Motion-Guided Dual-Camera Tracker for Endoscope Tracking and Motion Analysis in a Mechanical Gastric Simulator

Yuelin Zhang,Kim Yan,Chun Ping Lam,Chengyu Fang,Wenxuan Xie,Yufu Qiu,Raymond Shing-Yan Tang,Shing Shin Cheng
2024-09-17
Abstract:Flexible endoscope motion tracking and analysis in mechanical simulators have proven useful for endoscopy training. Common motion tracking methods based on electromagnetic tracker are however limited by their high cost and material susceptibility. In this work, the motion-guided dual-camera vision tracker is proposed to provide robust and accurate tracking of the endoscope tip's 3D position. The tracker addresses several unique challenges of tracking flexible endoscope tip inside a dynamic, life-sized mechanical simulator. To address the appearance variation and keep dual-camera tracking consistency, the cross-camera mutual template strategy (CMT) is proposed by introducing dynamic transient mutual templates.

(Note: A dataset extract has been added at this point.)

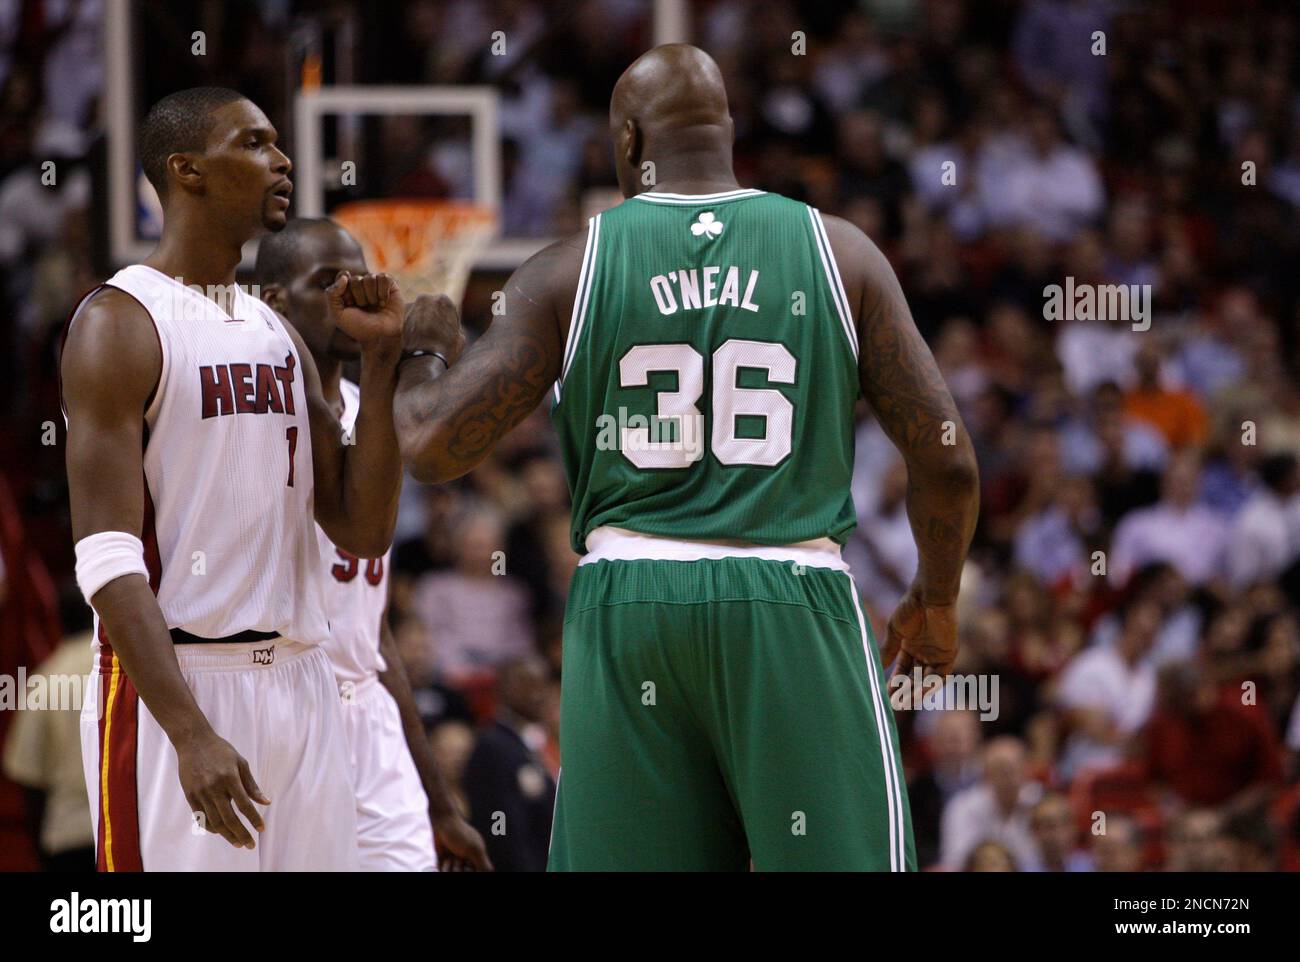 Boston Celtics vs. Miami Heat, NBA Full Game, November 11, 2010
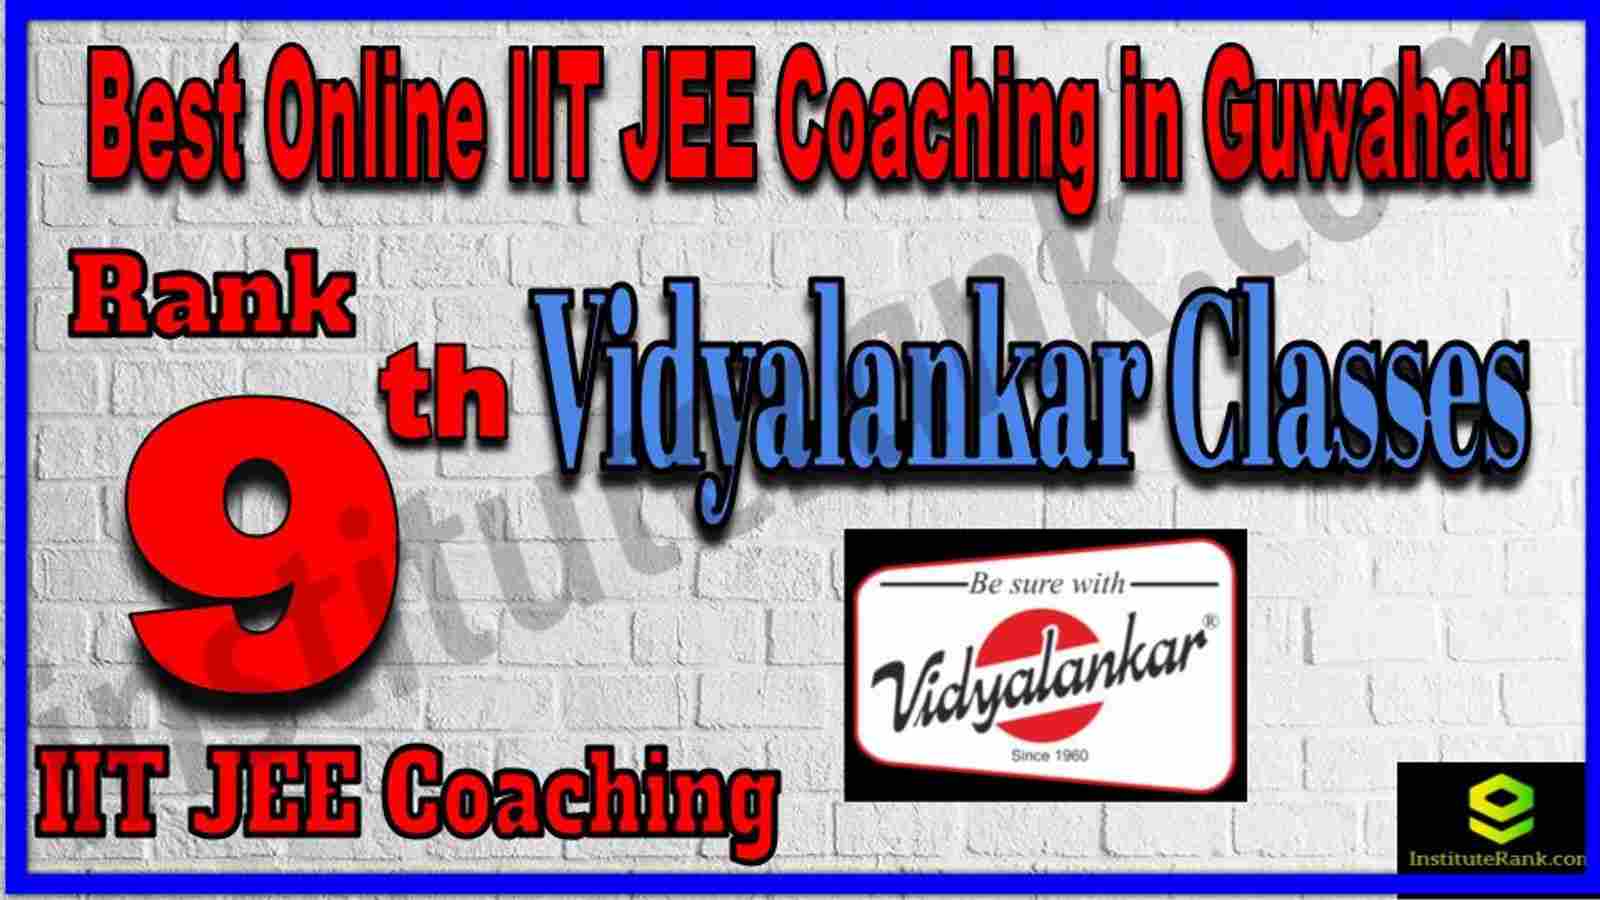 Rank 9th Best Online IIT JEE Coaching in Guwahati

To alleviate large occlusion and light-induced distortion, the Mamba-based motion-guided prediction head (MMH) is presented to aggregate historical motion with visual tracking. The proposed tracker achieves superior performance against state-of-the-art vision trackers, achieving 42% and 72% improvements against the second-best method in average error and maximum error. Further motion analysis involving novice and expert endoscopists also shows that the tip 3D motion provided by the proposed tracker enables more reliable motion analysis and more substantial differentiation between different expertise levels, compared with other trackers.
Computer Vision and Pattern Recognition
What problem does this paper attempt to address?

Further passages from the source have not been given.